A string of length `0.1` m cannot bear a tension more than 100 N. It is lied to a body of mass 100 g and rotated in a horizontal circle. The maximum angular velocity can be

To solve the problem, we need to find the maximum angular velocity (\( \omega \)) at which a body can be rotated in a horizontal circle without exceeding the maximum tension that the string can bear. ### Step-by-Step Solution: 1. **Identify Given Values**: - Length of the string (radius of the circle, \( r \)) = 0.1 m - Maximum tension (\( T_{\text{max}} \)) = 100 N - Mass of the body (\( m \)) = 100 g = 0.1 kg 2. **Understand the Relationship**: - The tension in the string provides the centripetal force required to keep the body moving in a circular path.
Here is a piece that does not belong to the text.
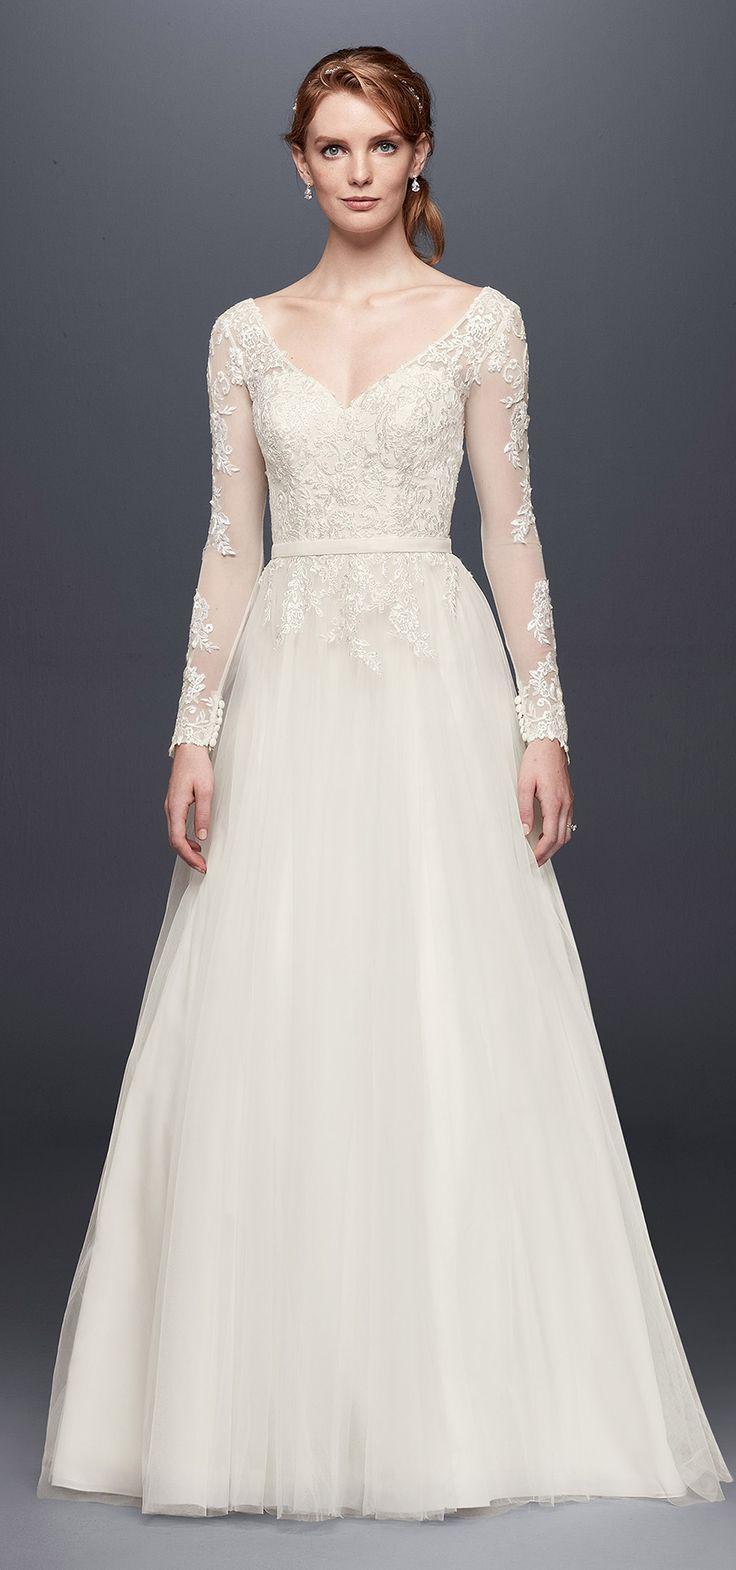 Long Sleeve Wedding Dress With Low Back | David's Bridal Spring 2017 @davidsbridal #davidsbridal #ad #wedding #weddingdress #sleeves

The formula for centripetal force (\( F_c \)) is given by: \[ F_c = m \omega^2 r \] - In this case, the maximum tension equals the centripetal force: \[ T_{\text{max}} = m \omega^2 r \] 3. **Substitute the Known Values**: - Substitute the values of \( T_{\text{max}} \), \( m \), and \( r \) into the equation: \[ 100 = 0.1 \cdot \omega^2 \cdot 0.1 \] 4. **Simplify the Equation**: - Rearranging the equation gives: \[ 100 = 0.01 \cdot \omega^2 \] - To isolate \( \omega^2 \), divide both sides by 0.01: \[ \omega^2 = \frac{100}{0.01} = 10000 \] 5. **Calculate \( \omega \)**: - Take the square root of both sides to find \( \omega \): \[ \omega = \sqrt{10000} = 100 \text{ rad/s} \] ### Final Answer: The maximum angular velocity (\( \omega \)) is **100 rad/s**. ---